Reproduce, exactly and in full, the records that follow, minus any pictures.
[INPUT FOR THIS TASK — start]
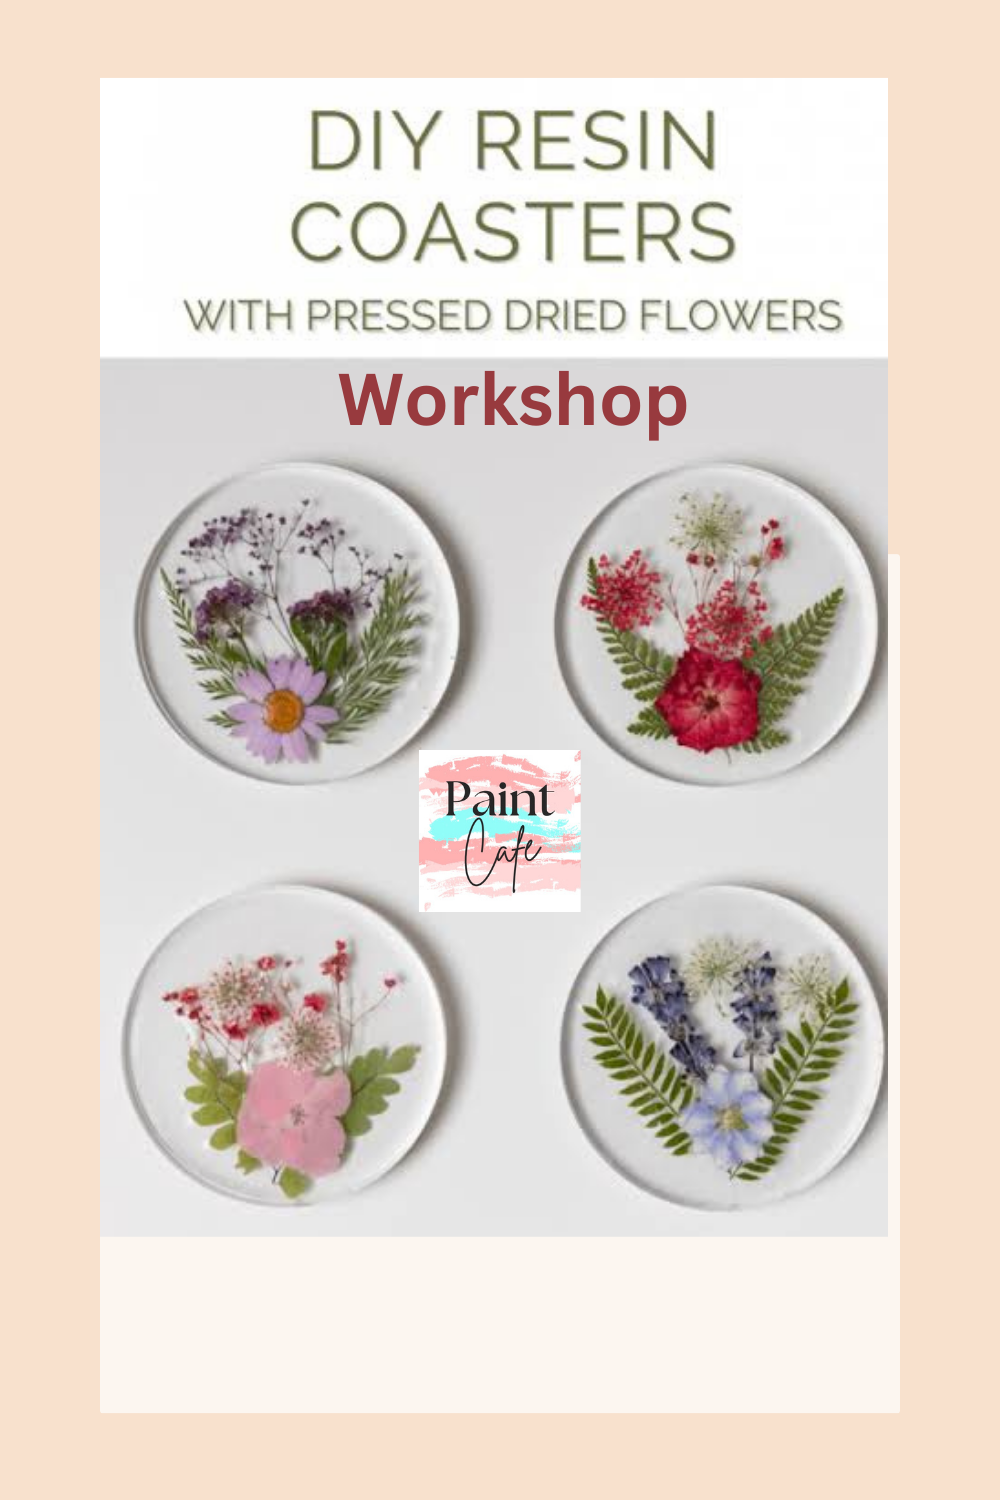 DIY Resin Coasters With Dried Pressed Flowers Workshop - Set of 4
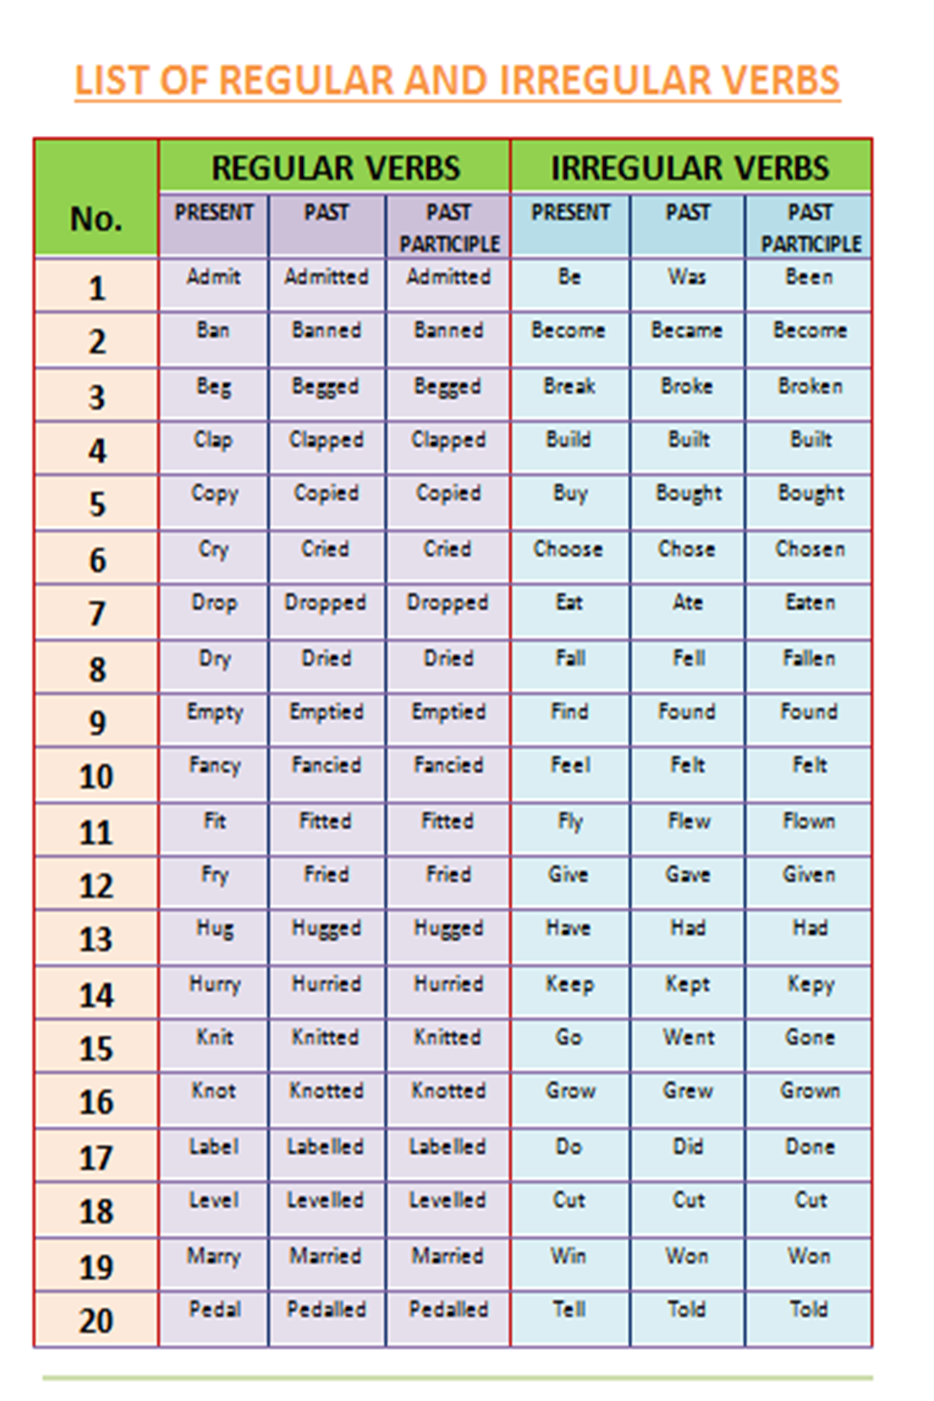 List Of Regular Irregular Verbs Fff
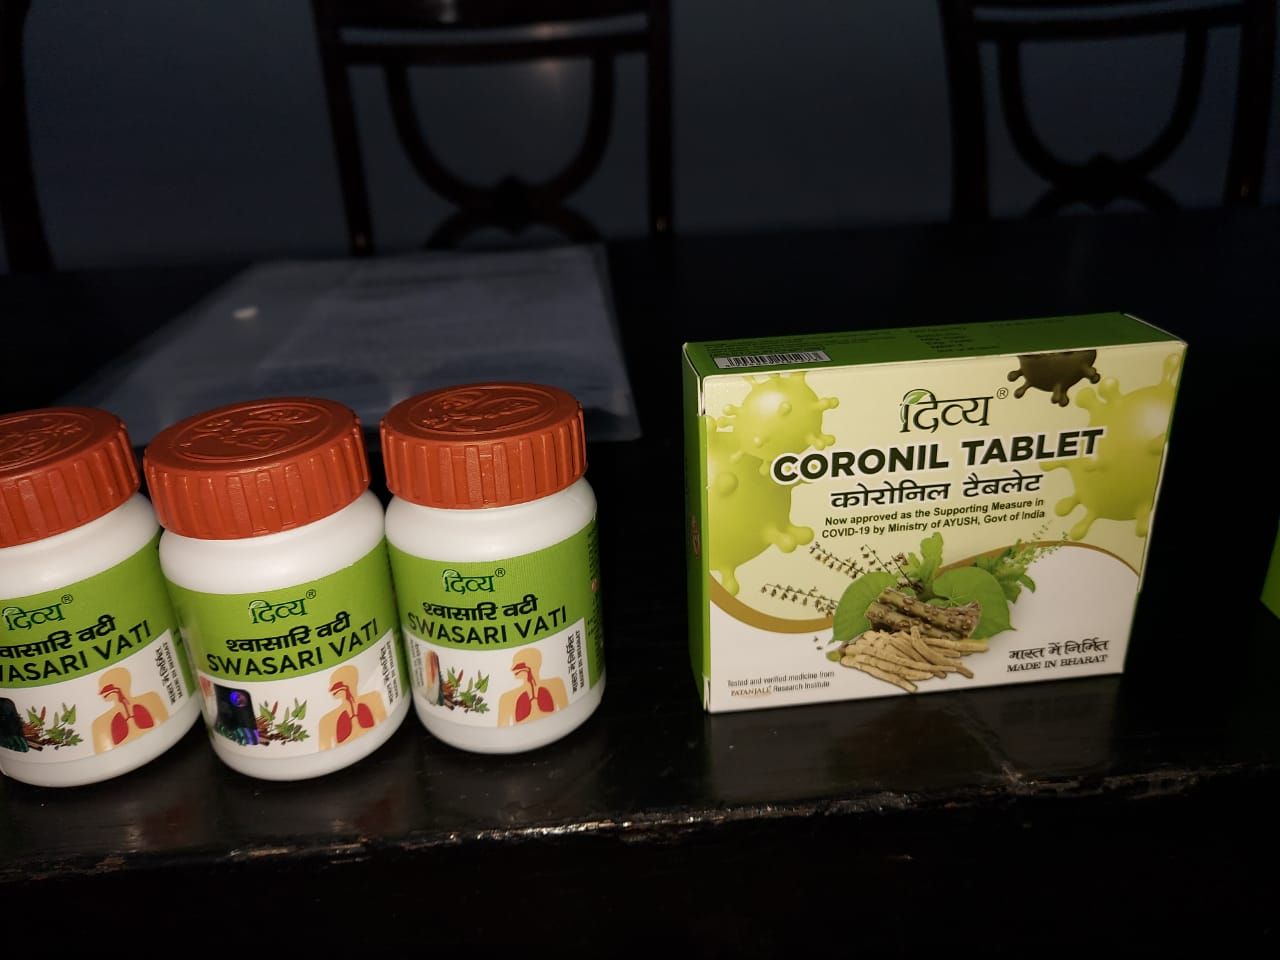 patanjali claims to make corona medicine, calls it supporting measure2 - Satya Hindi
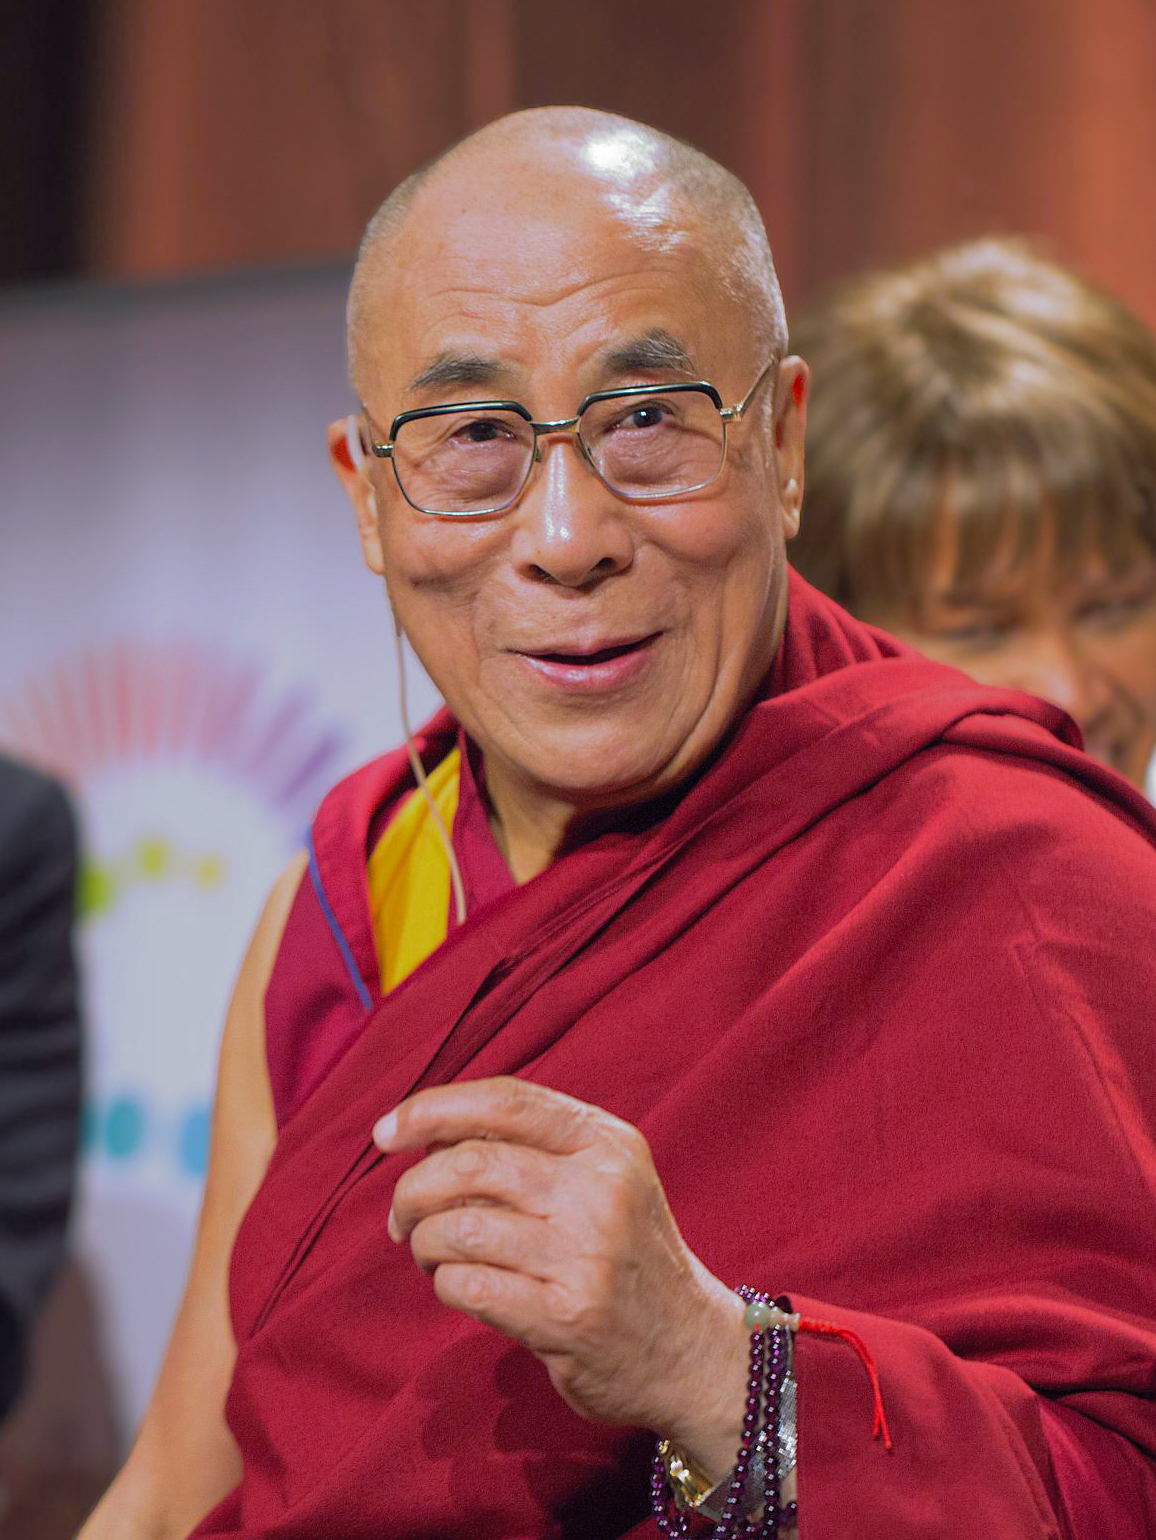 Yazar Dalai Lama
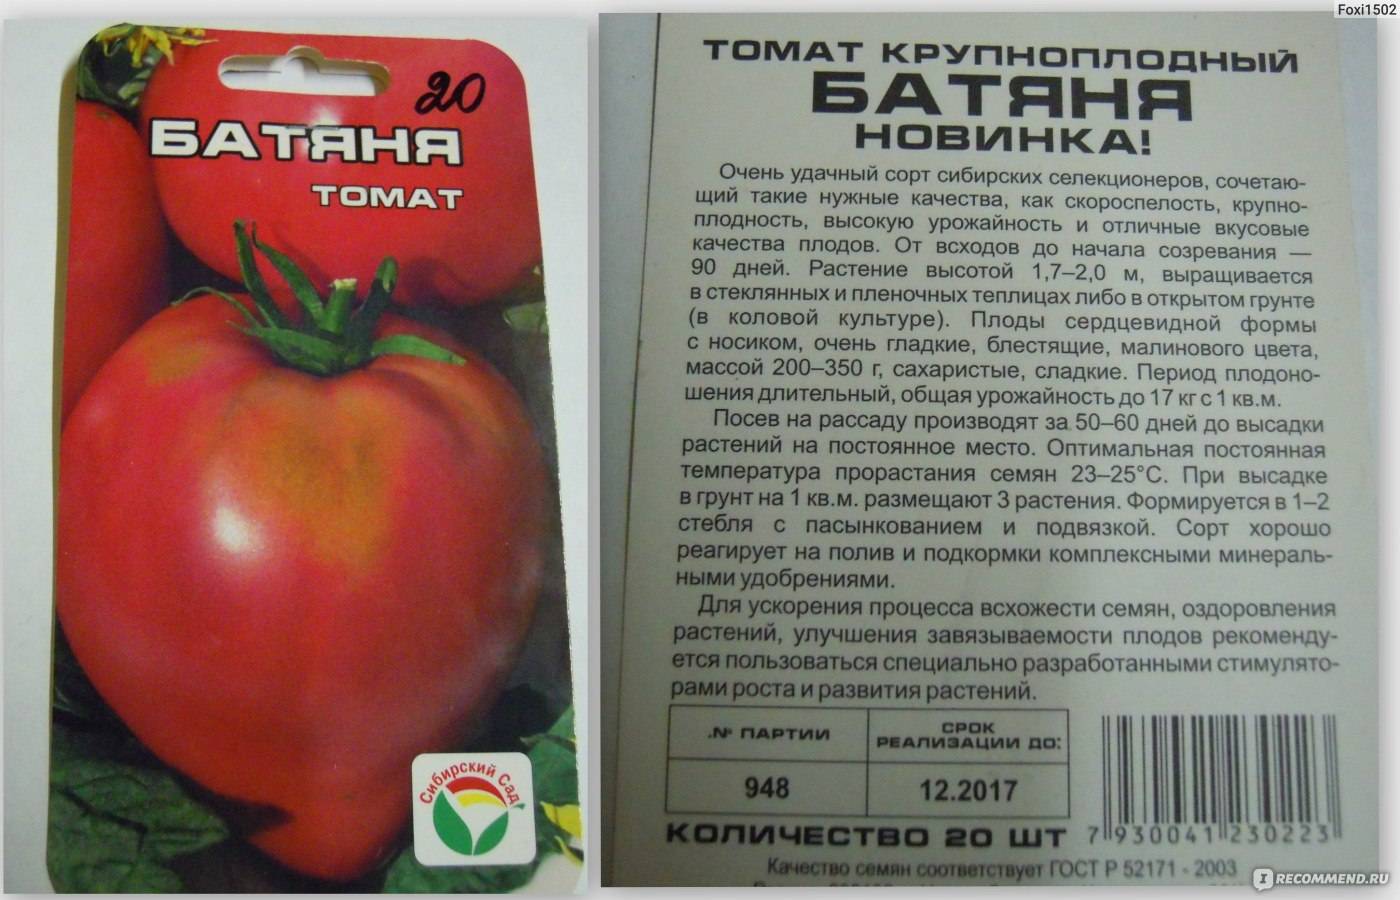 Сорт томата «белле f1»: описание, характеристика, посев на рассаду, подкормка, урожайность, фото, видео и самые распространенные болезни томатов
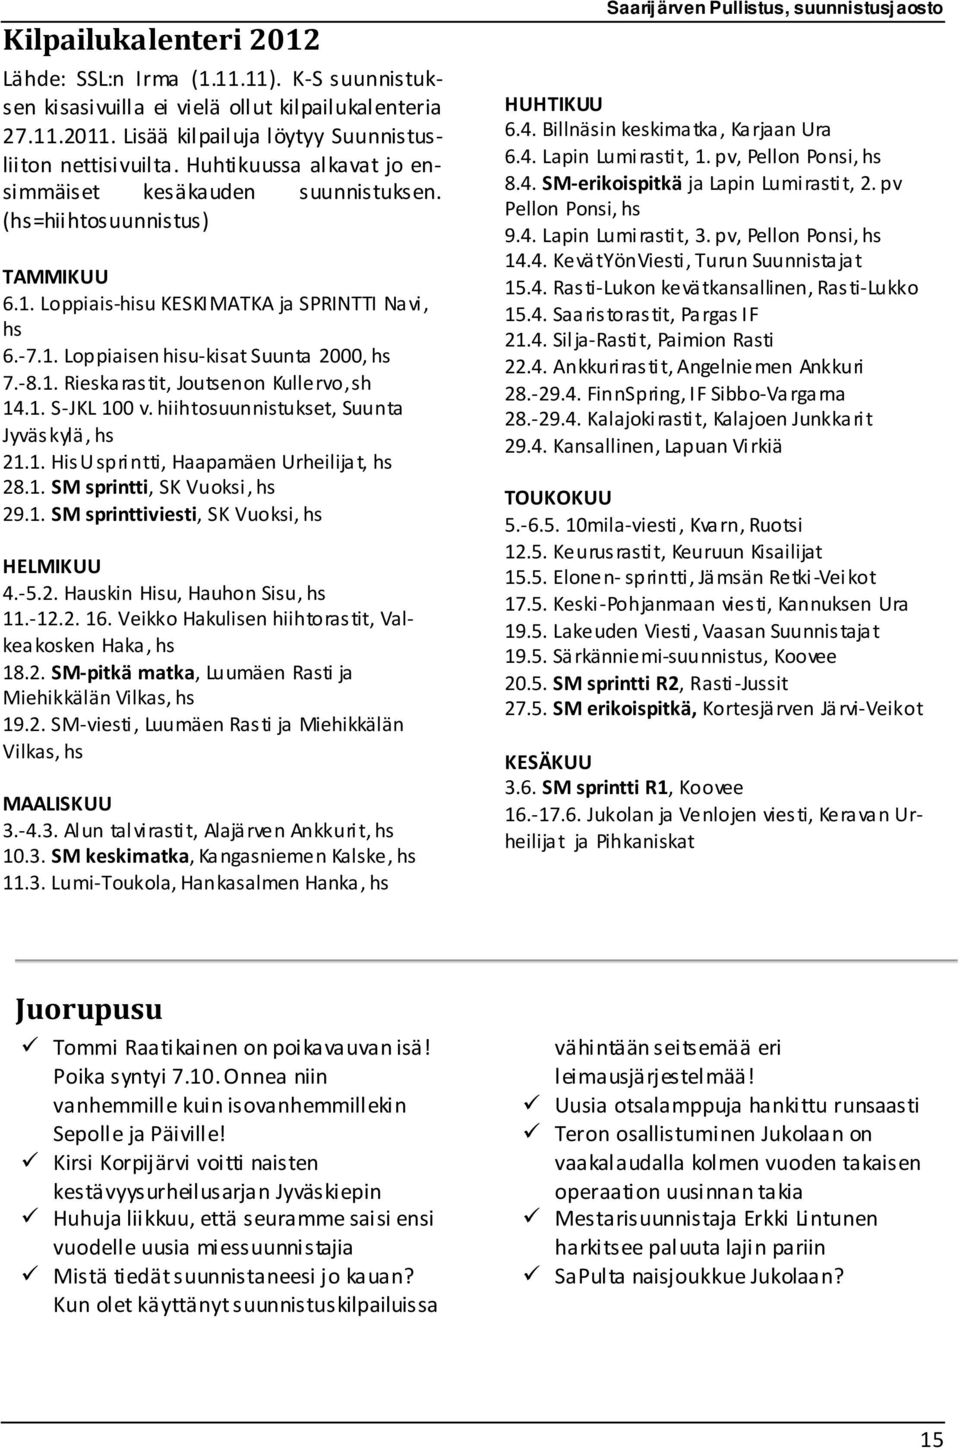 1. S-JKL 100 v. hiihtosuunnistukset, Suunta Jyväskylä, hs 21.1. HisU sprintti, Haapamäen Urheilijat, hs 28.1. SM sprintti, SK Vuoksi, hs 29.1. SM sprinttiviesti, SK Vuoksi, hs HELMIKUU 4.-5.2. Hauskin Hisu, Hauhon Sisu, hs 11.
[INPUT FOR THIS TASK — finish]
▶ _ANSWER AREA_:
 DIY Resin Coasters With Dried Pressed Flowers Workshop - Set of 4
 List Of Regular Irregular Verbs Fff
 patanjali claims to make corona medicine, calls it supporting measure2 - Satya Hindi
 Yazar Dalai Lama
 Сорт томата «белле f1»: описание, характеристика, посев на рассаду, подкормка, урожайность, фото, видео и самые распространенные болезни томатов
 1. S-JKL 100 v. hiihtosuunnistukset, Suunta Jyväskylä, hs 21.1. HisU sprintti, Haapamäen Urheilijat, hs 28.1. SM sprintti, SK Vuoksi, hs 29.1. SM sprinttiviesti, SK Vuoksi, hs HELMIKUU 4.-5.2. Hauskin Hisu, Hauhon Sisu, hs 11.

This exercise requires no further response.